SSD controllers may run your applications someday

Applications should work more closely with storage, even turning over some CPU work, Samsung says

It's time for enterprise applications and storage to work more closely together, even to the point where SSDs become a pool of computing power, according to Samsung Semiconductor.

The company wants industry standards for greater coordination between those elements, seeking to make data centers more efficient. The benefits could include CPUs communicating more with SSDs (solid-state drives) in the shorter term and later SSD controllers sharing application processing.
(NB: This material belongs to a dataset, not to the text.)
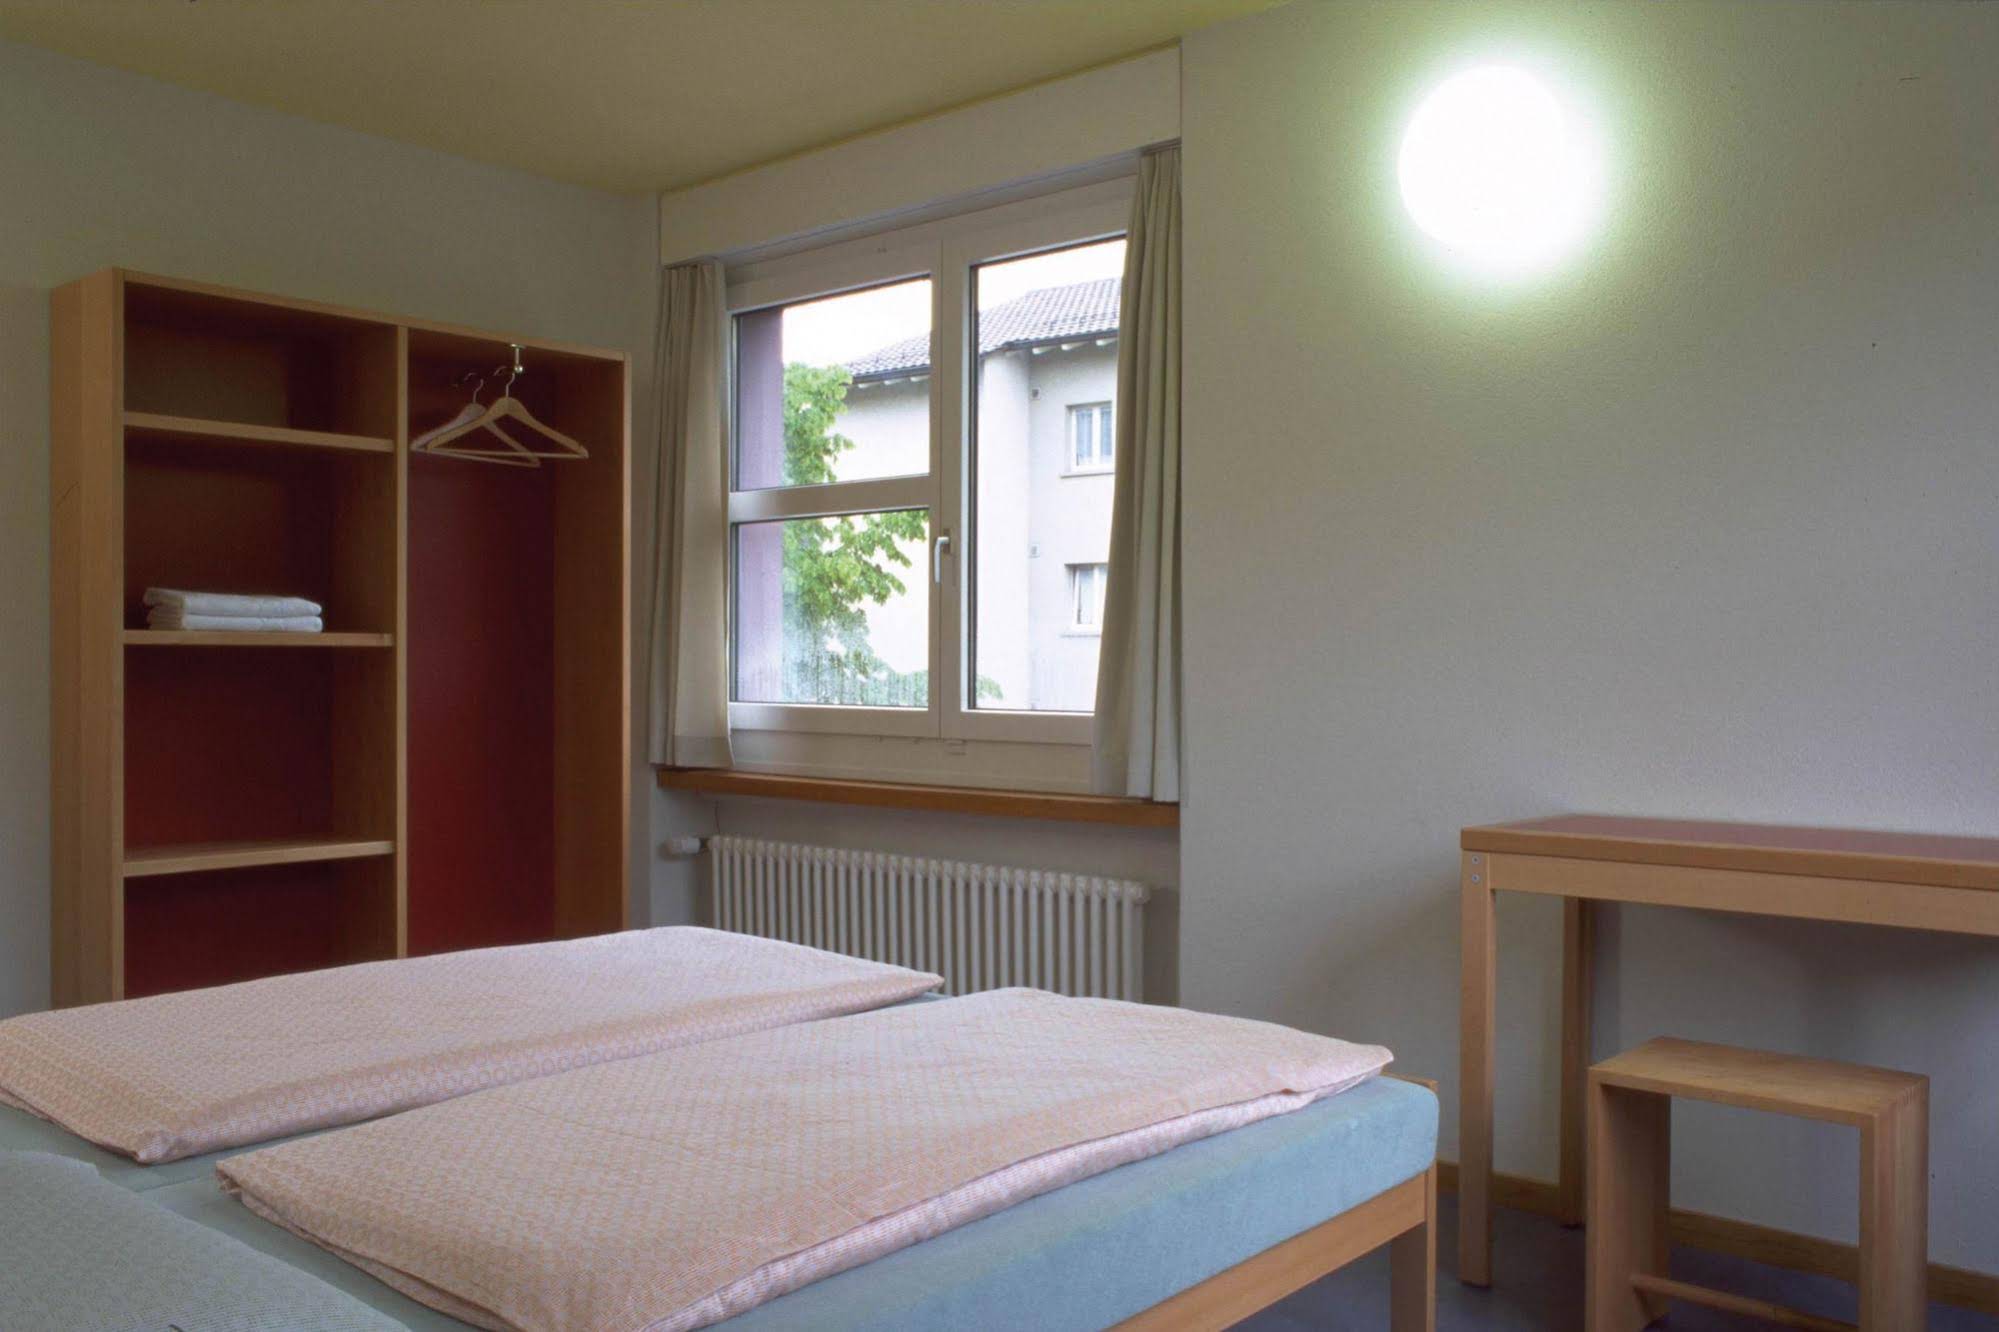 Zürich Youth Hostel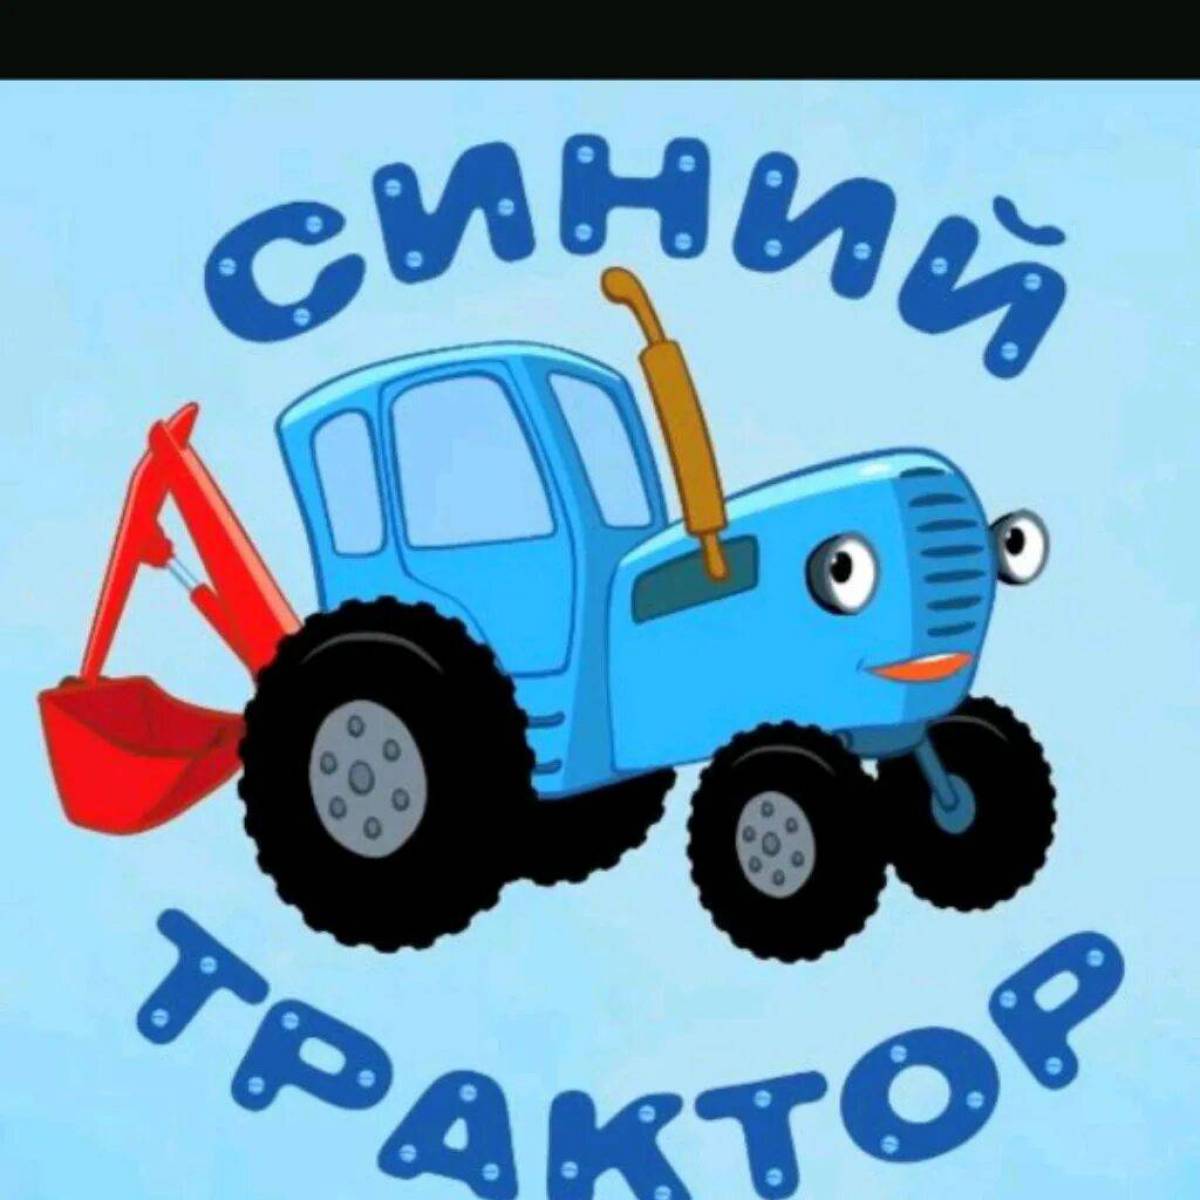 Синий трактор на мотив. Синий трактор трактор Гоша. Сини1 синий трактор. Габор синий трактор. Синий трактор для малышей ТРАКТОРЕНОК.

The company gave no target dates for what would necessarily be a long-term effort, but it's calling on several industry groups to cooperate to make it a reality.

With just HDDs (hard disk drives), storage performance historically lagged behind computing and memory, so the functions of each have remained separate. But the advent of various tiers of solid-state storage and memory has changed the equation, said Bob Brennan, a senior vice president at Samsung Semiconductor who leads the company's Memory Solutions Lab. There are now faster drives with more built-in computing power and faster connections, he said. Servers aren't getting as much performance out of storage as they could, he told an audience Tuesday at Flash Memory Summit, in Santa Clara, California.

Samsung is looking at two possible ways to improve that picture.

One is to make applications better communicate with storage about their needs. For example, each application should be able to tell an SSD when it needs all the performance of the SSD controller, Brennan said. With that information, the controller could put off storage-specific tasks that could be done at any time, such as "garbage collection," or rearranging the bits on the SSD ahead of time for optimal performance in the future.

"For a fully loaded SSD, if you can control garbage collection at the application level, you get about 1000x reduction in latency," or the delay in delivering bits to where they are needed for processing, Brennan said.

Farther out, better coordination could allow enterprises to tap into SSD controllers as an added computing resource in their data centers. There often is excess capacity in those processors, according to Insight64 research fellow Nathan Brookwood. Even as fast as flash media can deliver bits, the highly tuned, specialized silicon in SSD controllers can work much faster, he said.

What's more, giving computing tasks to SSD controllers could mean having those chips work with the data right under their noses in the drive, slashing the delays that come from transporting bits.

The big hurdle to making that work would be the very specialization that makes those controllers so well suited to their main tasks. Unlike the server chips that do the number-crunching in data centers, they aren't x86 processors.

"Everybody in the industry has a slightly different architecture for their controller," Brennan said in an interview at the event. Splitting up tasks between an x86 CPU and an SSD controller would be a far cry from distributing them across multiple chips and cores.

"It's a non-trivial problem," said Arun Taneja, founder and consulting analyst at Taneja Group. "I don't see a very clear path."

To bridge the gap, Samsung wants the industry to come up with standard APIs that are agnostic to controller architecture. Using an API, the application could communicate with any one of those architectures, Brennan said.

The initiative Samsung wants to kick off, which it calls Storage Intelligence, would involve SNIA (Storage Networking Industry Association), INCITS (the International Committee for Information Technology Standards) and NVM Express, the industry group that defined the NVMe common interface for SSDs.

The company sees it as "an opportunity for this next decade."

"Everyone in this room has to work together to have applications talk to storage," Brennan told the audience.

Cooperation will be key, according to Brookwood. If Samsung tried to introduce these mechanisms on its own, they wouldn't gain much traction, he said.

Samsung's goals for Storage Intelligence are in line with what the IT industry has been trying to accomplish through server virtualization and other efforts over the past several years, Taneja said.

"This is a common quest across the industry," Taneja said. "As an industry, we've wasted tons of capacity."